Market Drivers & Fundamentals
- Global surplus pressure: Record or near‑record lentil crops in exporters such as Australia, plus comfortable Canadian inventories, are weighing on international prices and tempering any upward move in Chinese import costs.
- China demand resilience: Strong overall import momentum into China shows that domestic consumption and industrial use remain firm, but lentils are a small segment within the wider pulse and protein complex, limiting the impact on headline trade data.

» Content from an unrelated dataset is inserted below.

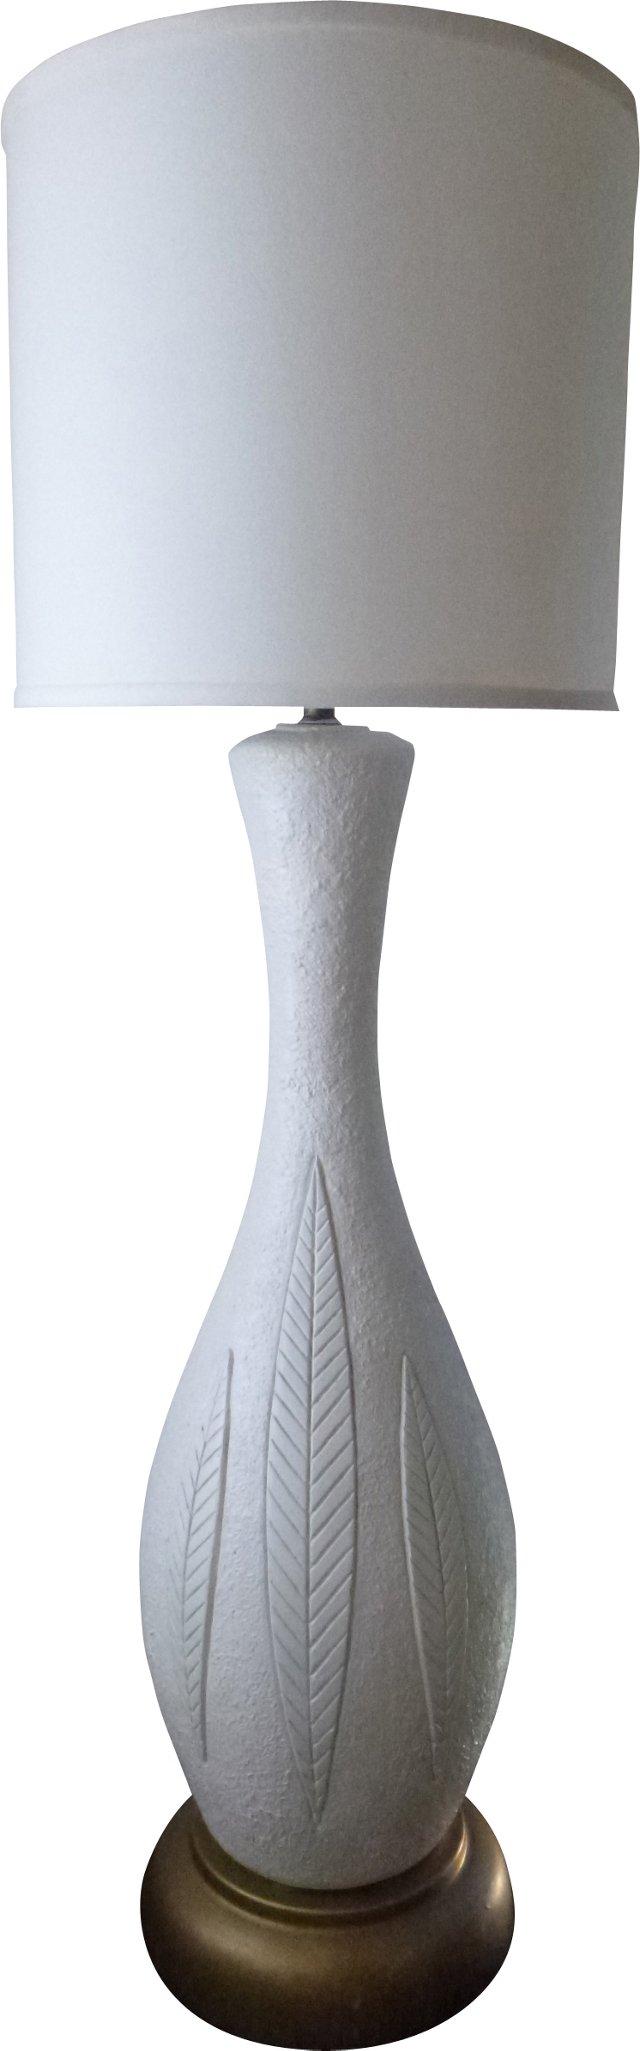 Midcentury Plaster Leaves Lamp

- Competing pulses: Recent price updates for other pulses in China (e.g., mung beans and soybeans) point to an environment of competitive protein pricing rather than aggressive rallies, reinforcing a range‑bound outlook for lentils.
- Policy & regulation: Tighter food import rules from June 2026 may create some short‑term administrative friction, but established exporters are expected to adapt, and there is no clear signal of new tariffs or quota restrictions specifically targeting lentils.
Trading Outlook (Next 1–2 Weeks)
- Chinese FOB small green lentils (Beijing): Sideways to slightly firmer, with organic premiums supported by niche demand and limited local supply, but capped by soft global benchmarks.
- Canadian FOB lentils: Mild downside bias as export competition from Australia and steady stocks encourage sellers to accept slightly lower bids to move volumes.
- Import parity into China: Likely to remain attractive versus domestic alternatives, supporting continued buying on dips rather than at‑market chasing.
Strategy Tips for Market Participants
- Chinese buyers: Consider layering purchases over the next 1–2 weeks rather than front‑loading, using any further softening in Canadian or Australian offers to lock in medium‑term cover.
- Exporters to China: Maintain competitive pricing versus other protein sources and ensure compliance with new food import rules to avoid clearance delays from June onward.
- Traders: Focus on relative value trades (organic vs conventional, green vs red) and arbitrage opportunities between Canadian and Australian origins rather than betting on a large directional move.
3‑Day Price Indication (Direction, Region CN)
- Beijing FOB, small green conventional: Stable to +0.5% over the next three days, with bids and offers holding in a tight range amid balanced spot supply.
- Beijing FOB, small green organic: Slightly firmer (+0.5% to +1%) on steady demand and limited availability but unlikely to break significantly above current premiums.
- Imported lentil CIF parity (reference from Canada/Australia to China): Stable to marginally softer (0 to -0.5%) as international prices remain under pressure from large exportable surpluses.